- **PROBLEM DETAILS**
Reproduce the lines below verbatim. Pictures are to be omitted.

- **INFORMATION SHOWN**
☆ ☆ ☆ ☆

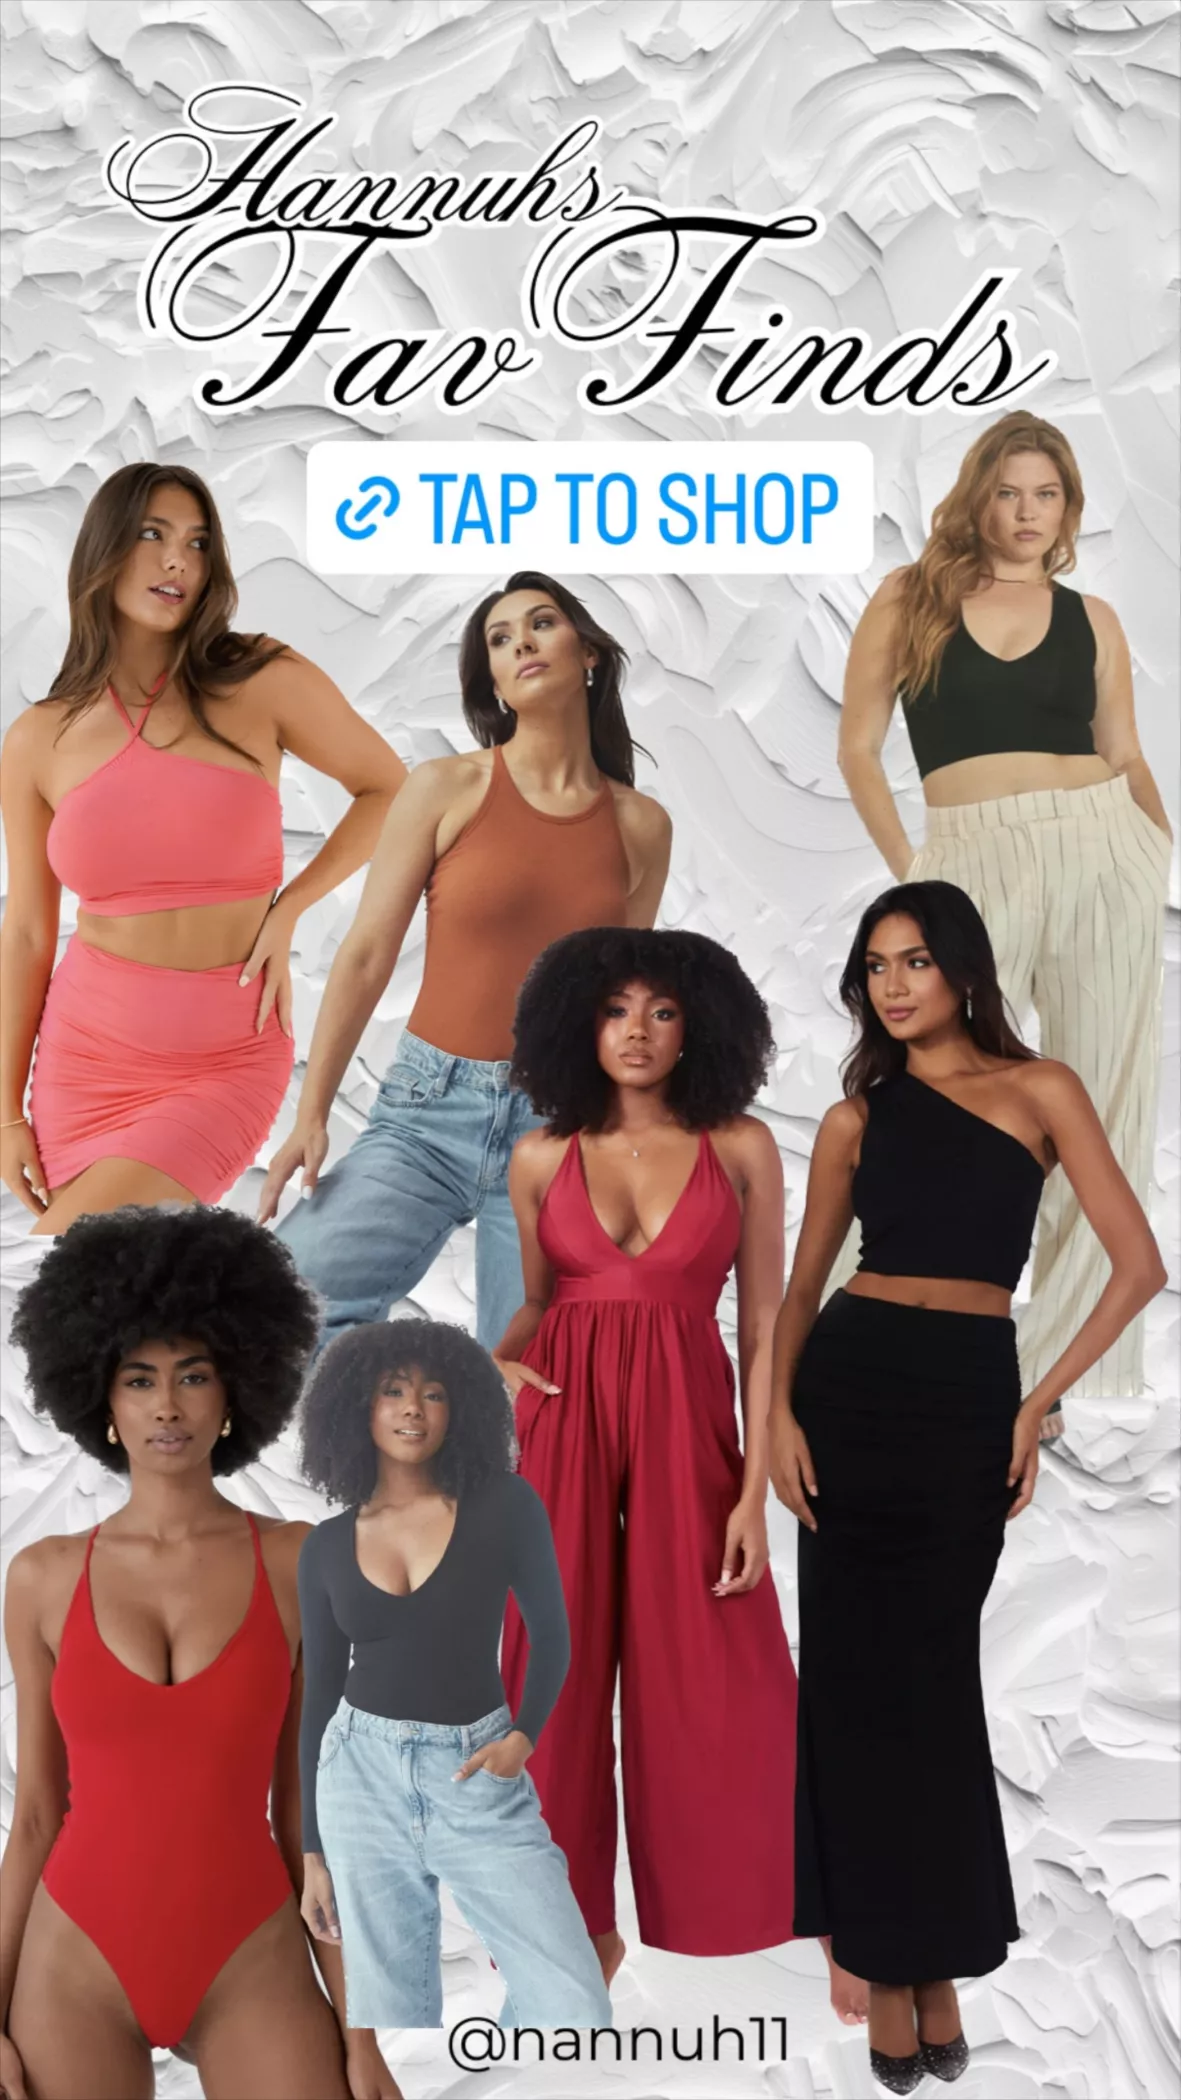 Black Friday bras, Shop exclusive deals & discounts
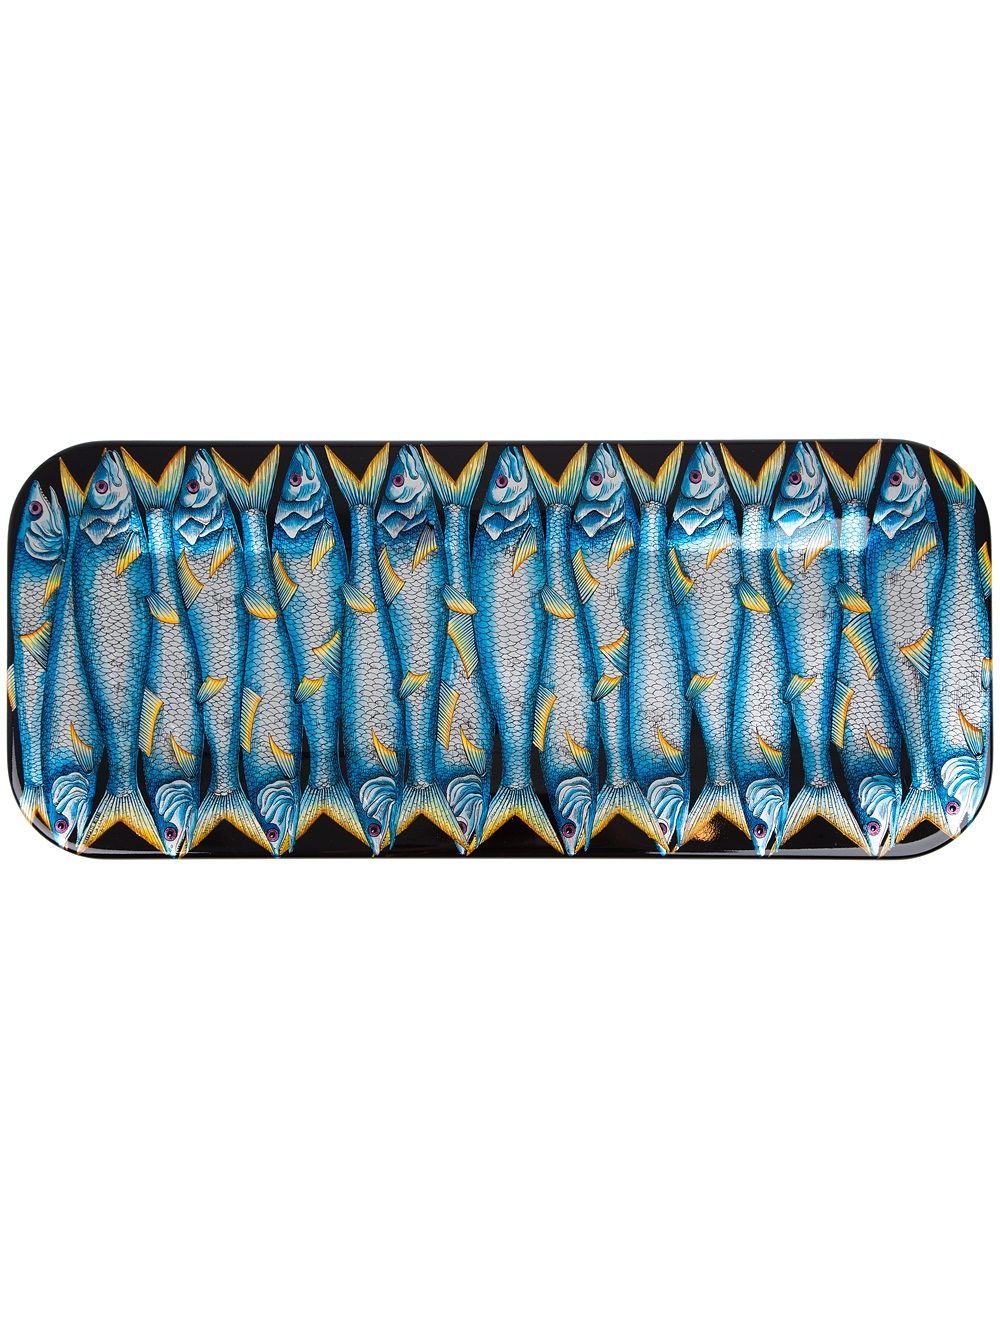 Fornasetti Sardine Tray In Blue
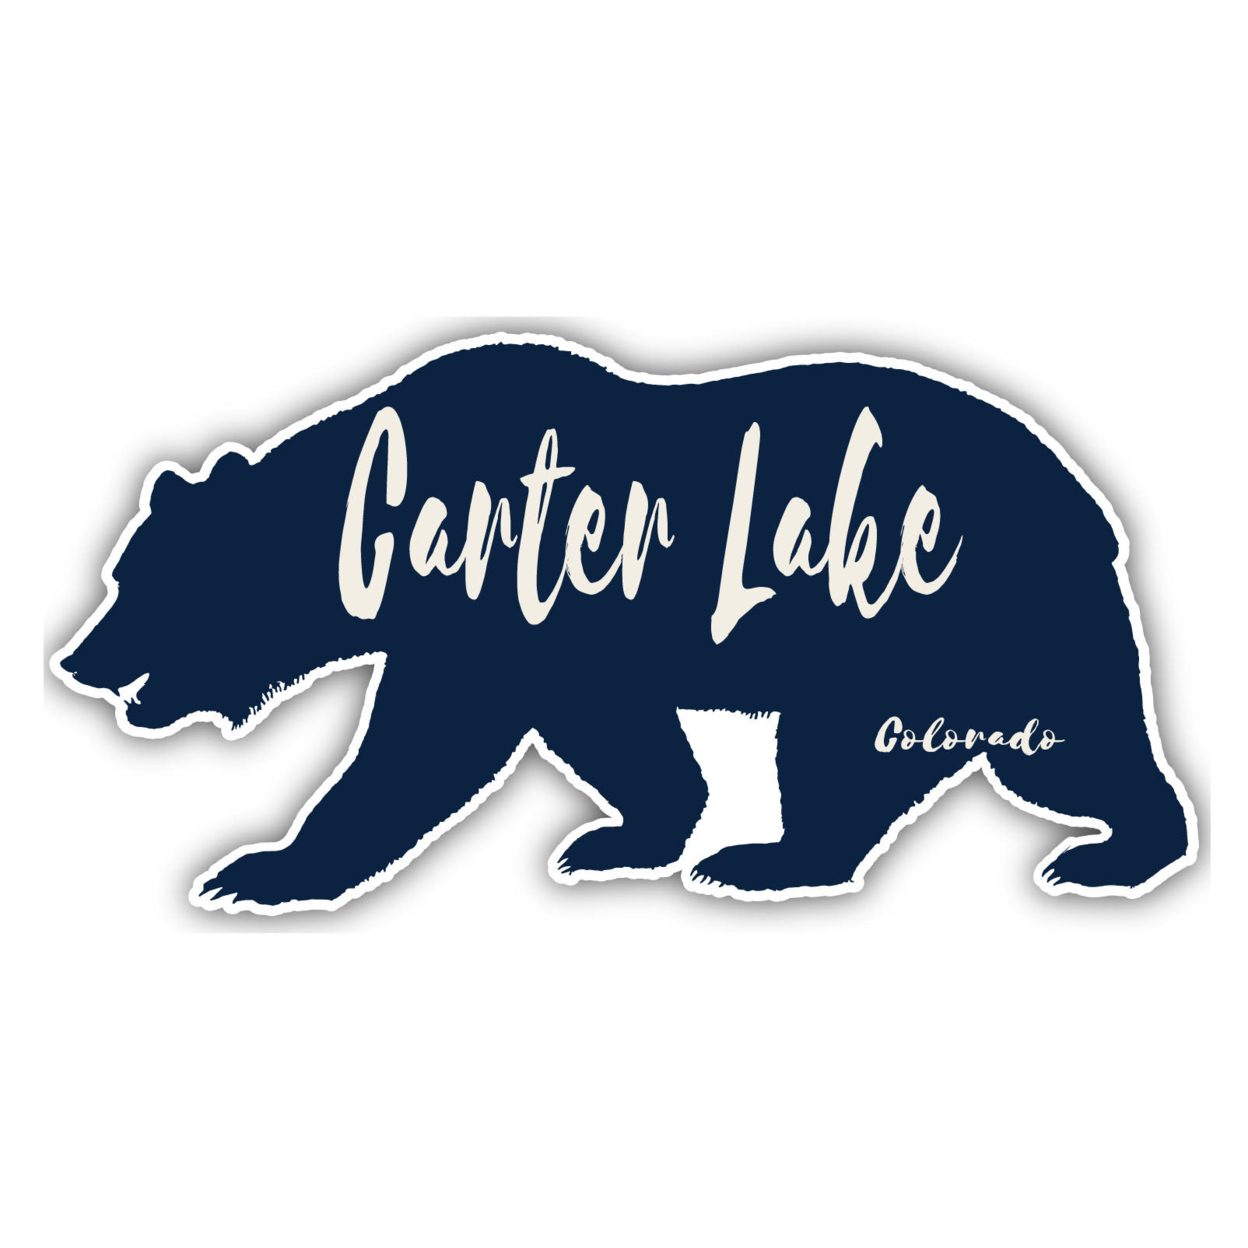 Carter Lake Colorado Souvenir Decorative Stickers (Choose Theme And Size) - Single Unit, 6-Inch, Tent

☆ ☆ ☆ ☆

- **OUTPUT OF THE EXERCISE**
 Black Friday bras, Shop exclusive deals & discounts
 Fornasetti Sardine Tray In Blue
 Carter Lake Colorado Souvenir Decorative Stickers (Choose Theme And Size) - Single Unit, 6-Inch, Tent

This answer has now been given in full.